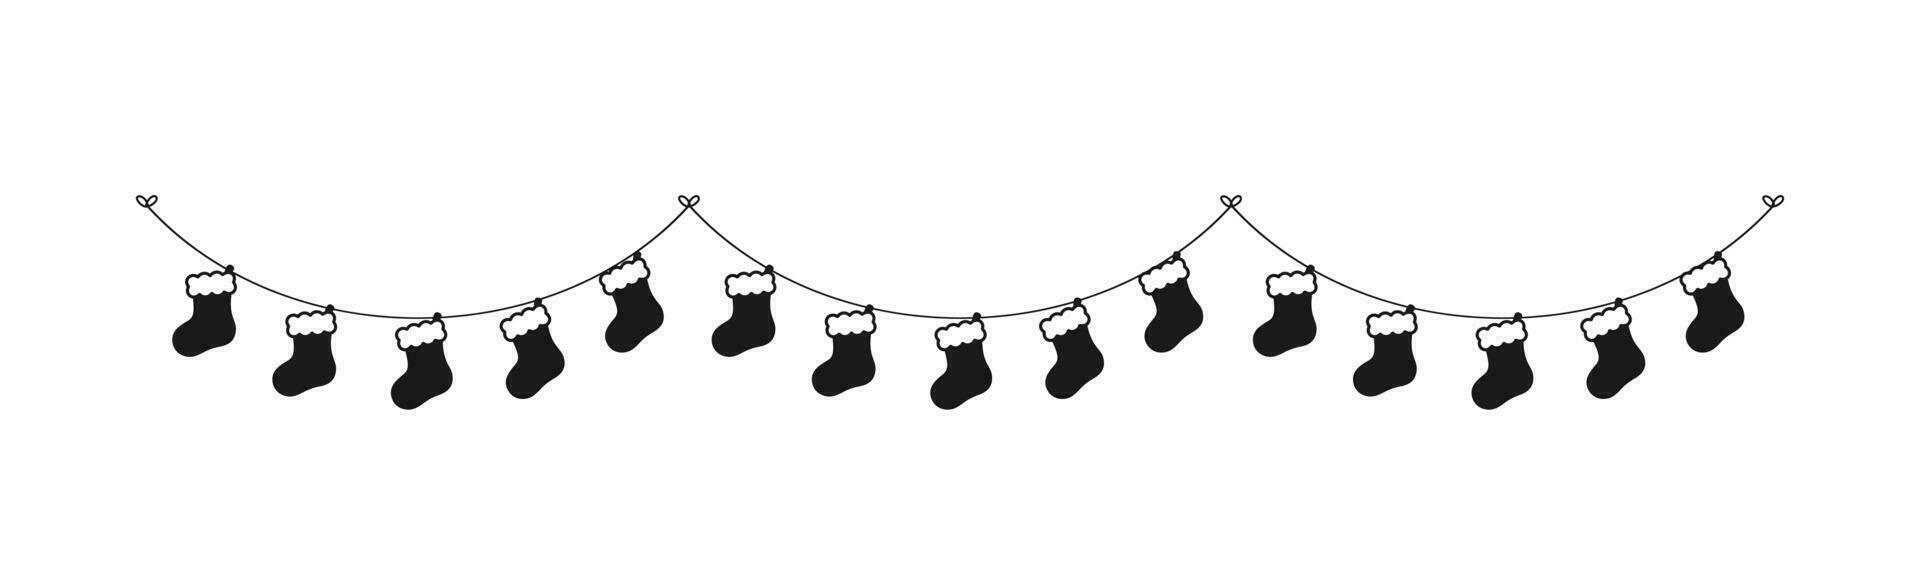 Weihnachten Strumpf Silhouette Girlande Vektor Illustration, Weihnachten Socken Grafik festlich Winter Urlaub Jahreszeit Ammer
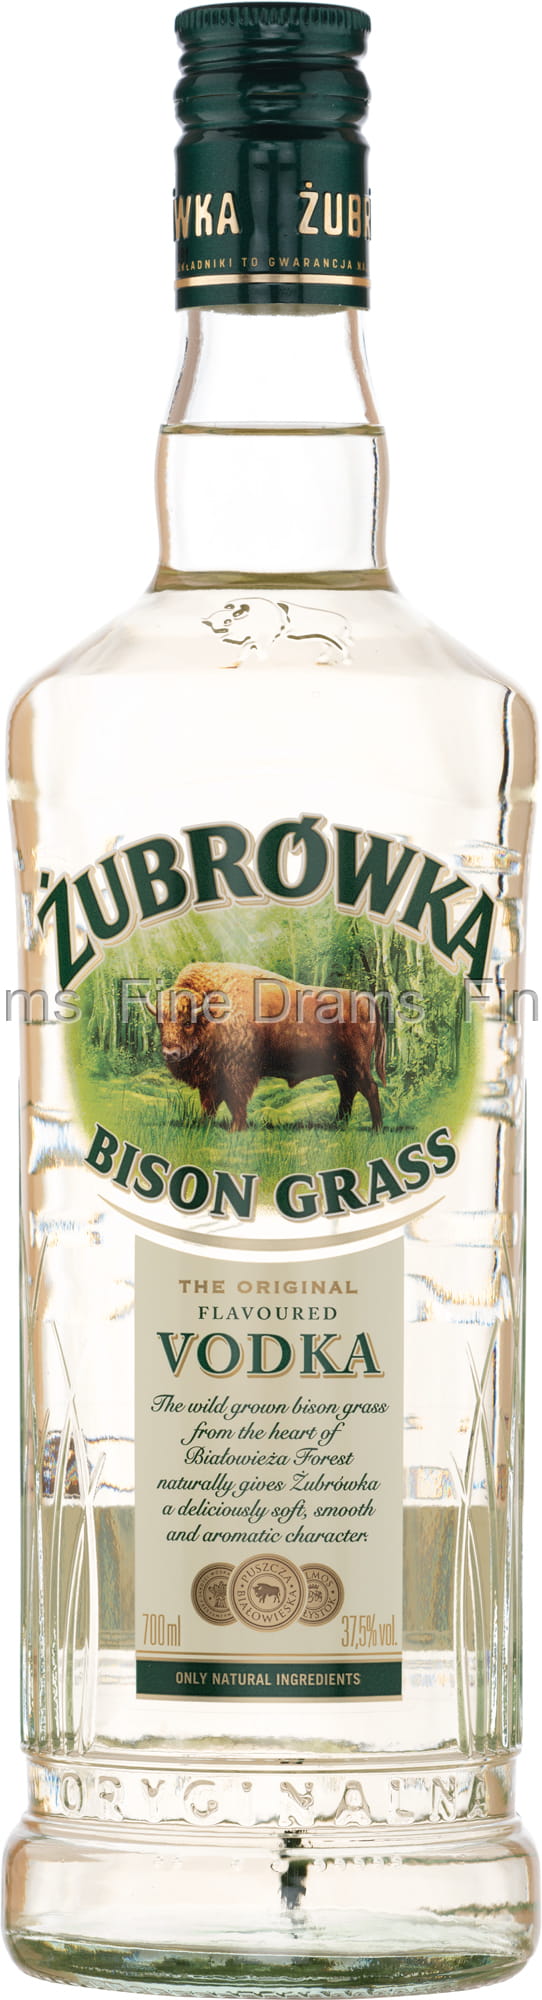 Vodka Grass Zubrowka Bison
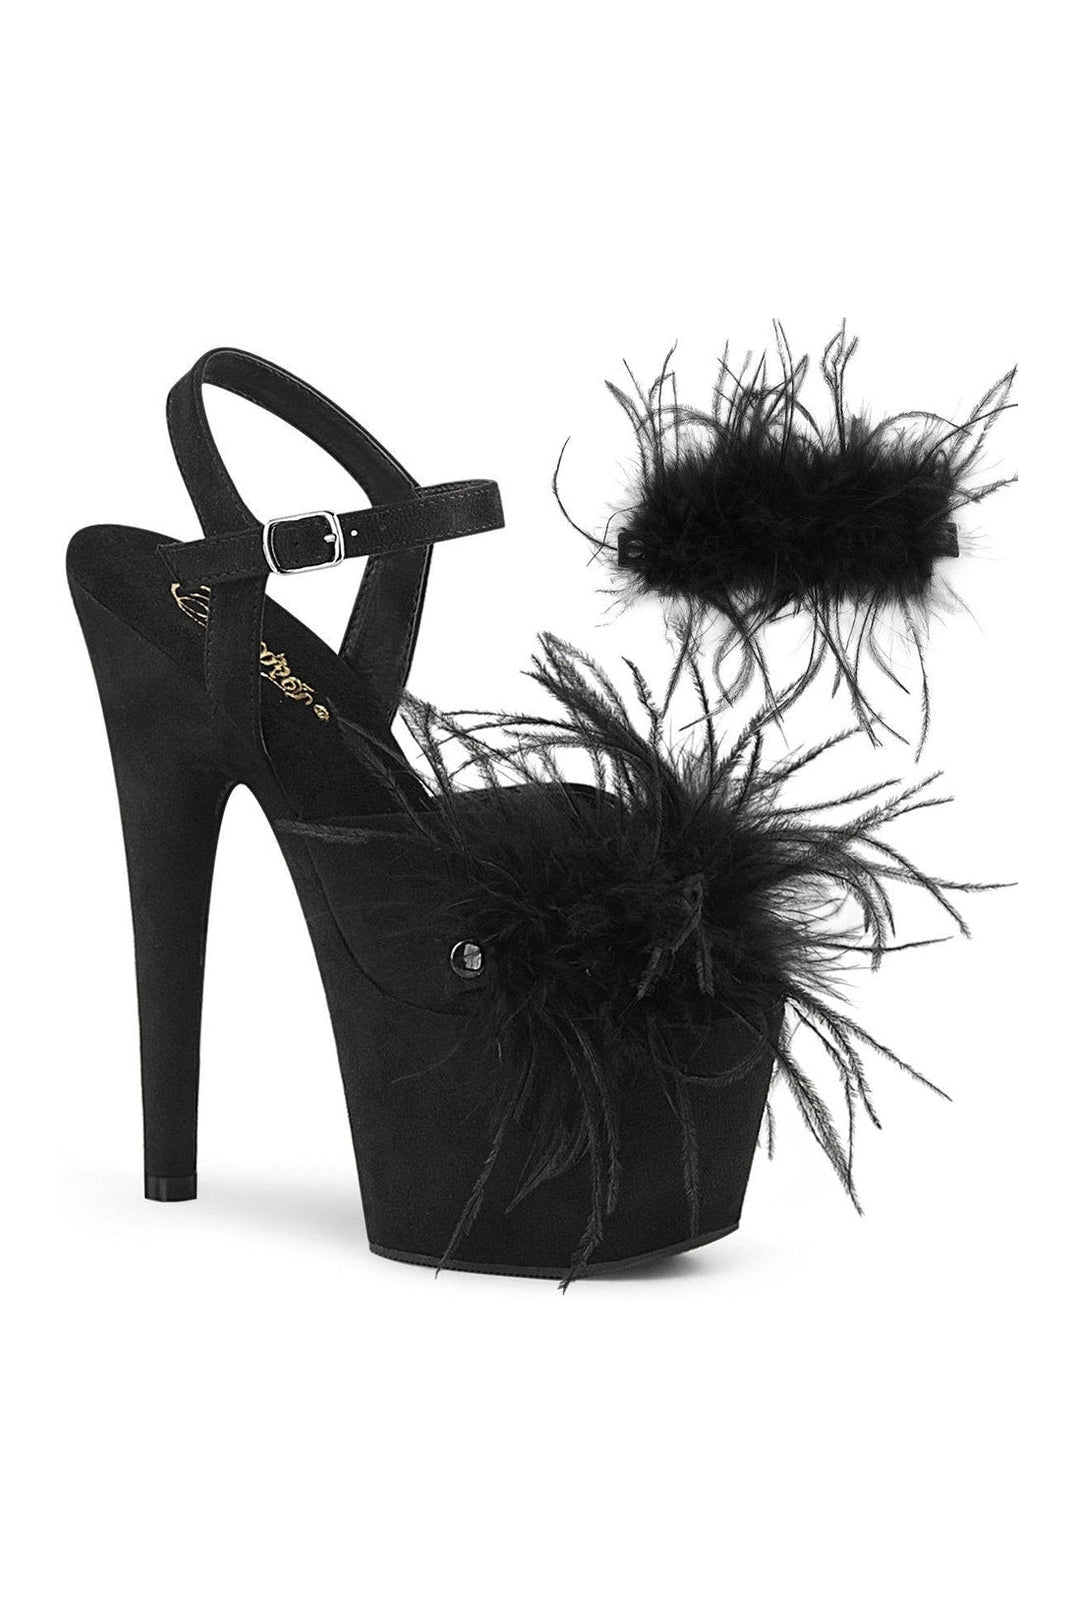 ADORE-709F Stripper Sandal | Black Faux Suede-Sandals-Pleaser-Black-5-Faux Suede-SEXYSHOES.COM

== == ==

Your task
Pictures stay out; print everything else in the data exactly.

Result of this exercise
 Weihnachten Strumpf Silhouette Girlande Vektor Illustration, Weihnachten Socken Grafik festlich Winter Urlaub Jahreszeit Ammer
 Vodka Grass Zubrowka Bison
 ADORE-709F Stripper Sandal | Black Faux Suede-Sandals-Pleaser-Black-5-Faux Suede-SEXYSHOES.COM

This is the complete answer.